I work part time 30 hours over 3 days and my job is not well paid. I wouldn’t be able to afford to rent a place and would be moving back to parent’s large home. They would be more than happy to have us and it would be a nice environment for me and son with plenty of space but would the courts see this as an issue?
Husband has a mortgage and a fairly well paid job. My plan would be to save as much as I can and look to get our own place once I was back full time and son entitled to 30 hours free childcare.
I also have a thousand pounds on a catalogue type account I am currently chipping away at. Never missed a minimum payment and pay more as and when I can afford it. Husband says this combined with the fact I don’t drive and would be living with family will mean the courts award him custody.
I realise I am useless, I am a bad mother in the fact that I cannot financially provide for my son properly but I know he has all the love and care he needs from me. He is my absolute world and being a mother is the one thing I can say with confidence that am good at. I know I have let him down by not making better decisions in life though and feel ashamed and guilty about this.
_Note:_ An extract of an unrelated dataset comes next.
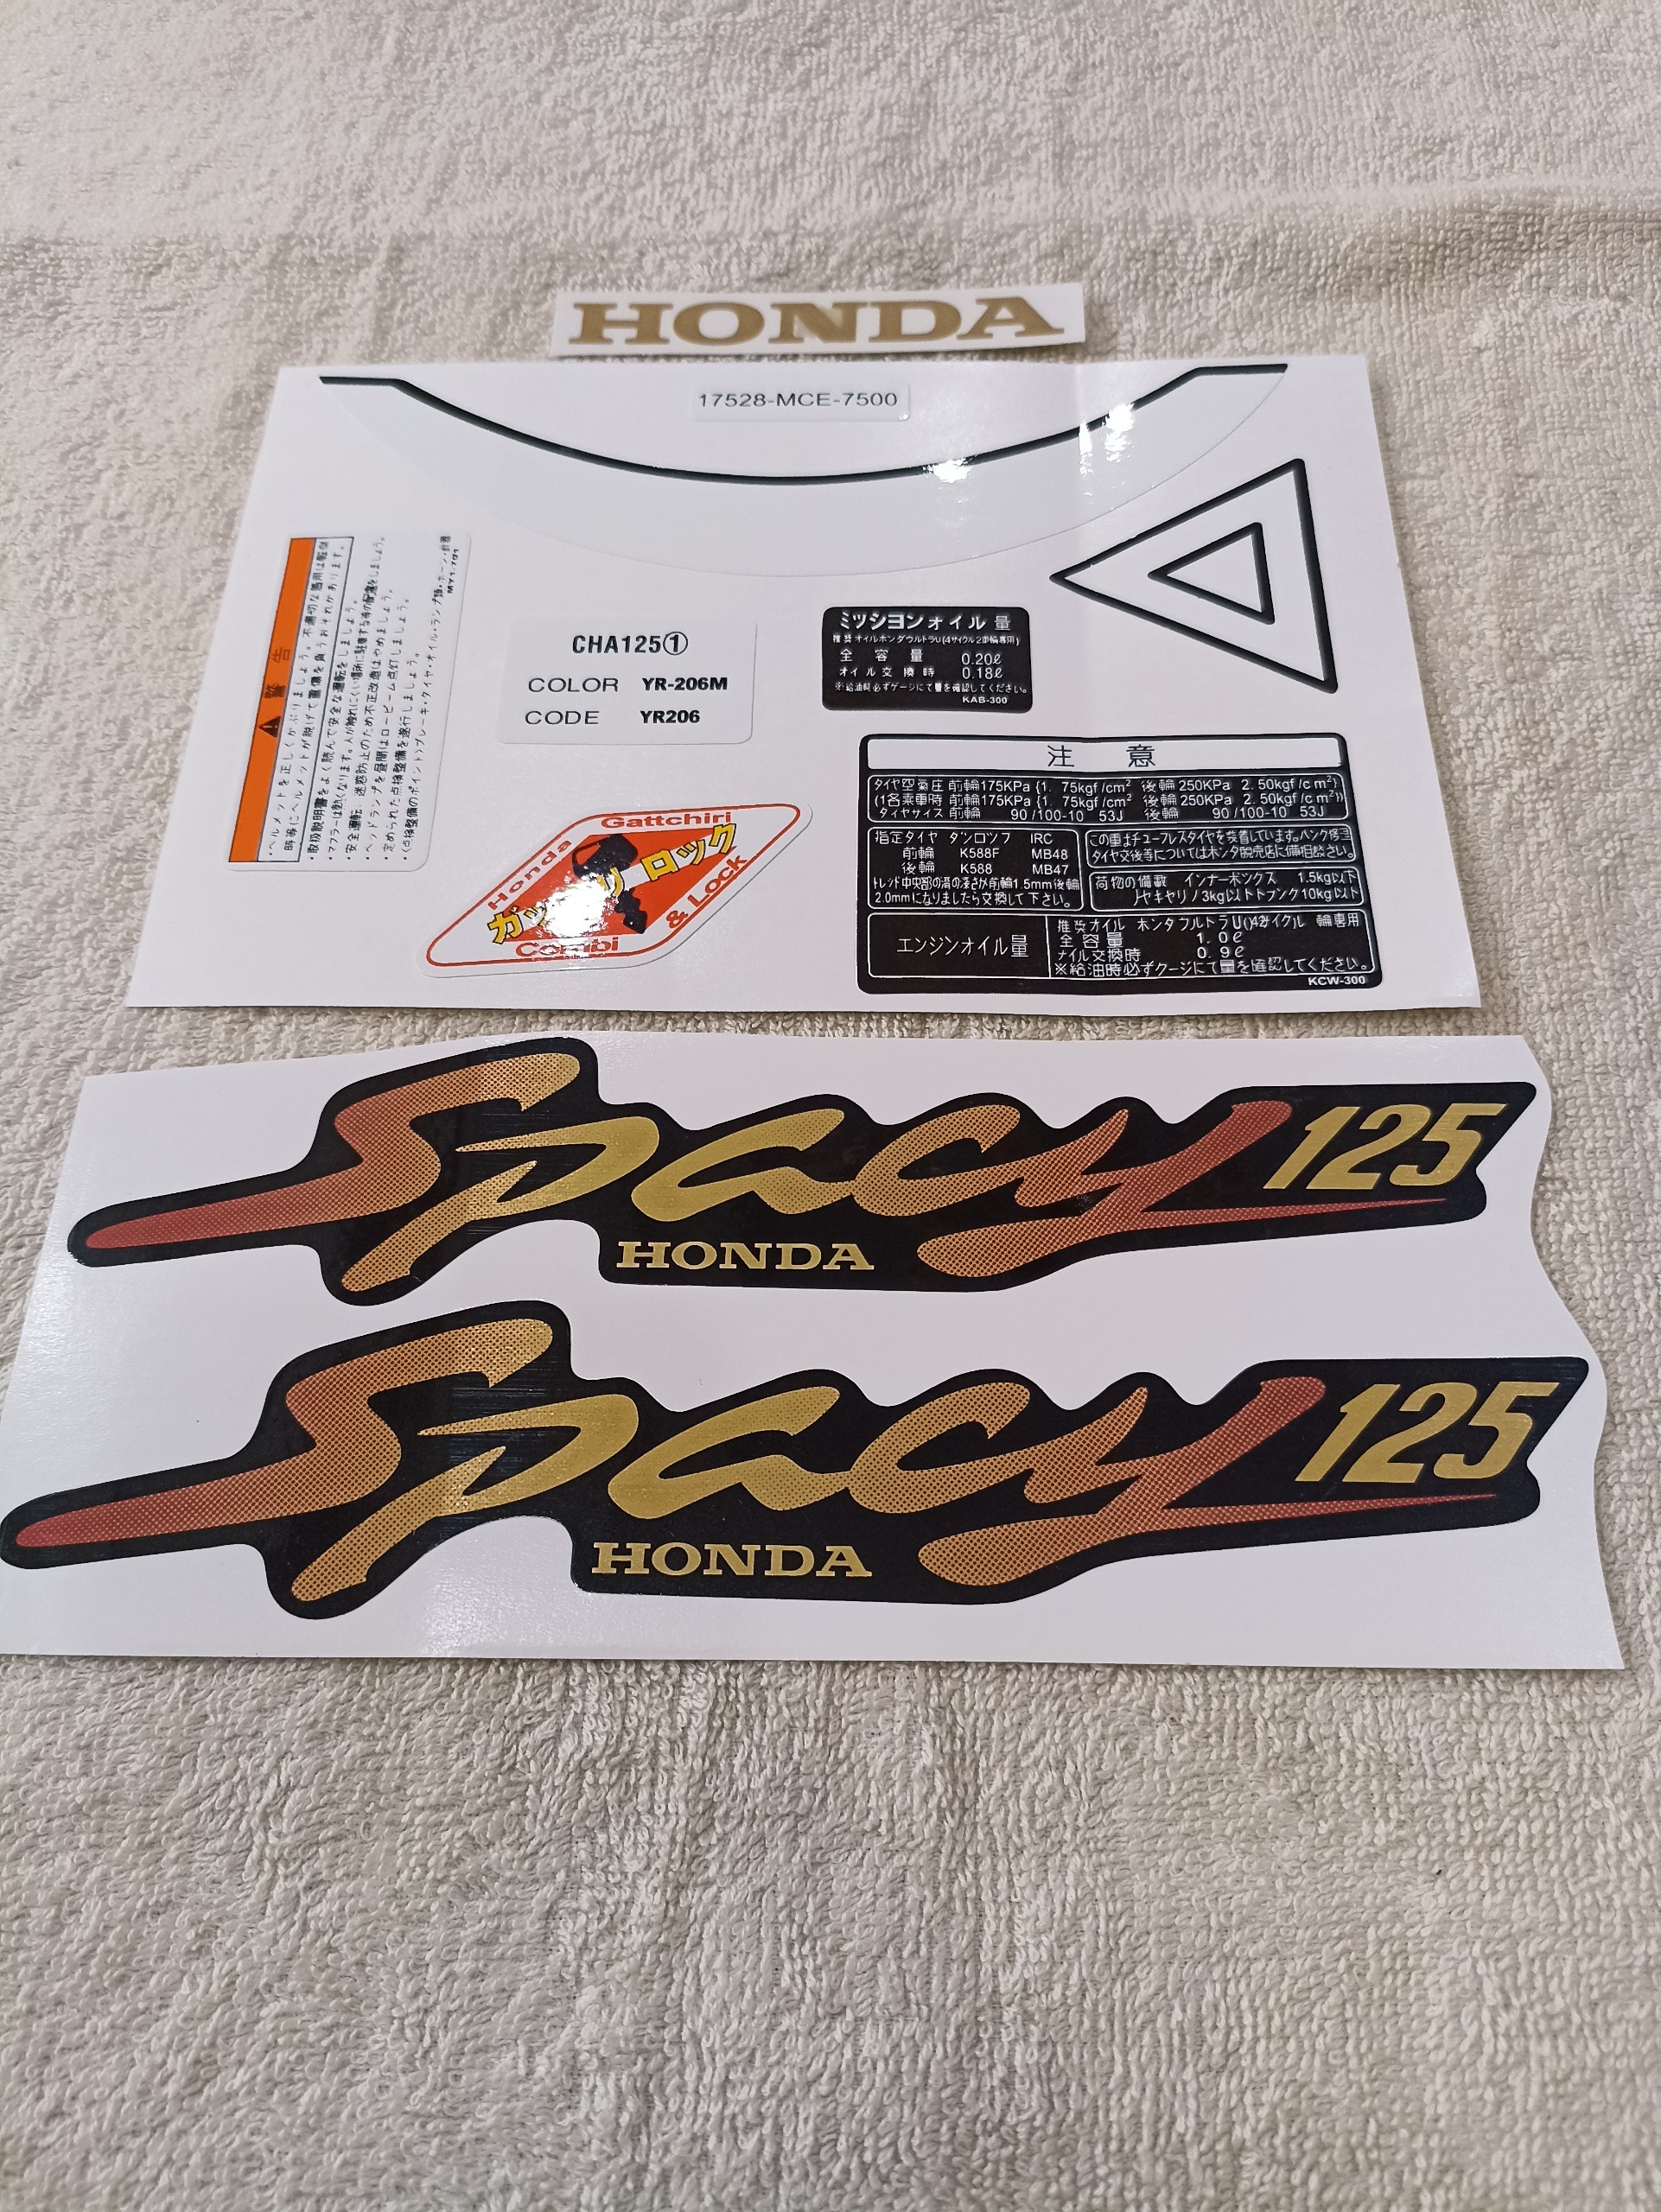 Bộ tem decal dán xe máy Honda spacy 125 màu vàng kèm thông số zin thái siêu đẹp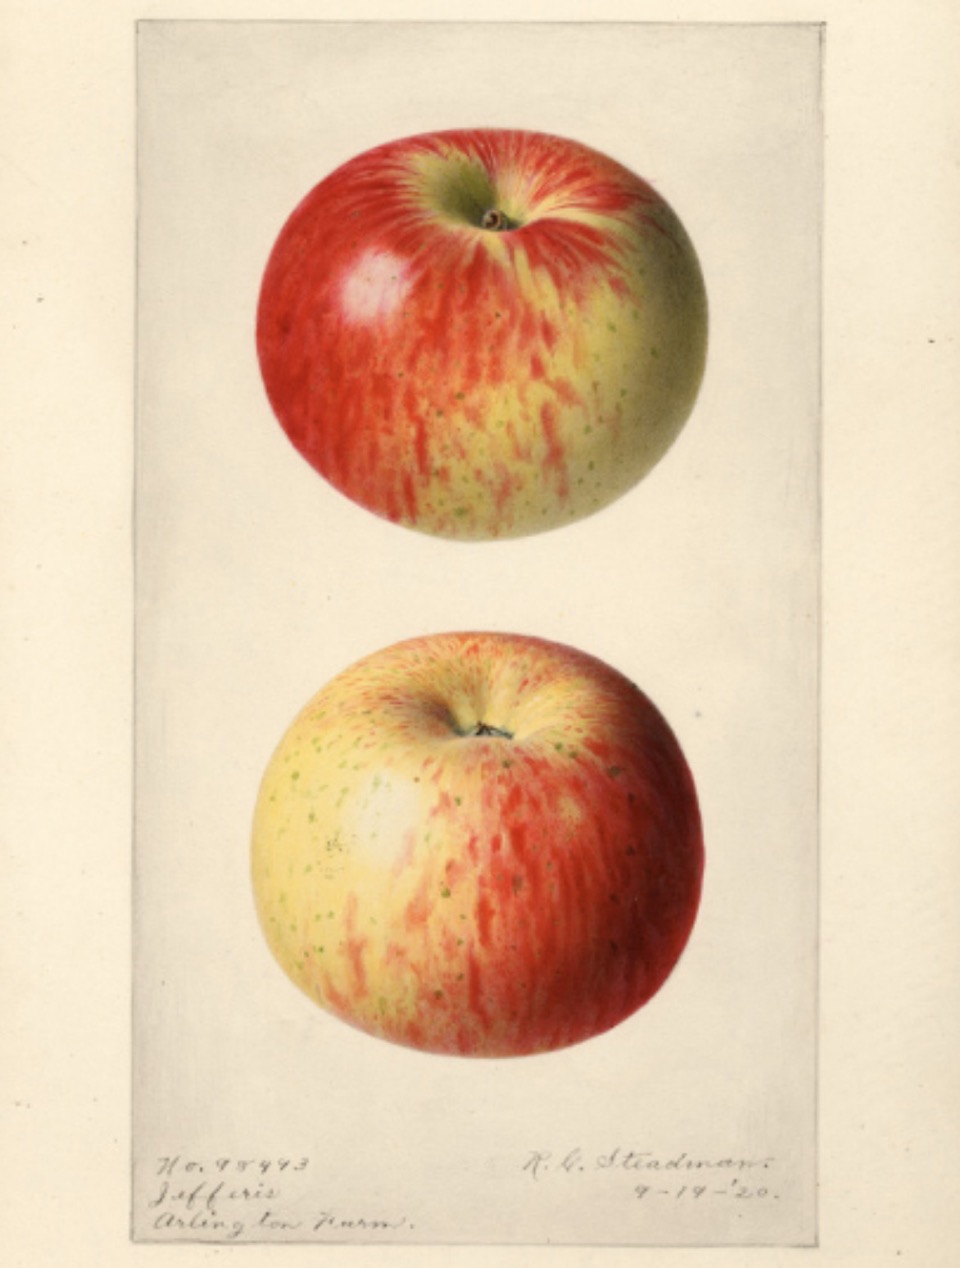 Historische Abbildung eines gelblich-rötlichen Apfels aus zwei Ansichten; USDA

I would be happy to share custody. Both of our parents currently look after our son one day a week each to allow me to work. Would courts give my husband sole custody based on all of this? I do most of the physical care for our son, husband has only ever changed a handful of nappies and given a few bottles.
I am so very down about this all, I wish I hadn’t let my son down. The last couple of years have been the hardest of my life. I lost my first baby at 5 months. My grandmother who I was close to died suddenly and my grandfather has dementia and has deteriorated rapidly. My mum is just the most lovely person and I worry about her a lot, it really upsets me that I am going to be adding to her stresses with this.
Basically what I am asking is will I lose my baby? I work part time, don’t drive and would be living with my parents (I appreciate what a loser I sound) and he has a decent job and a mortgage. Sorry, I waffled again.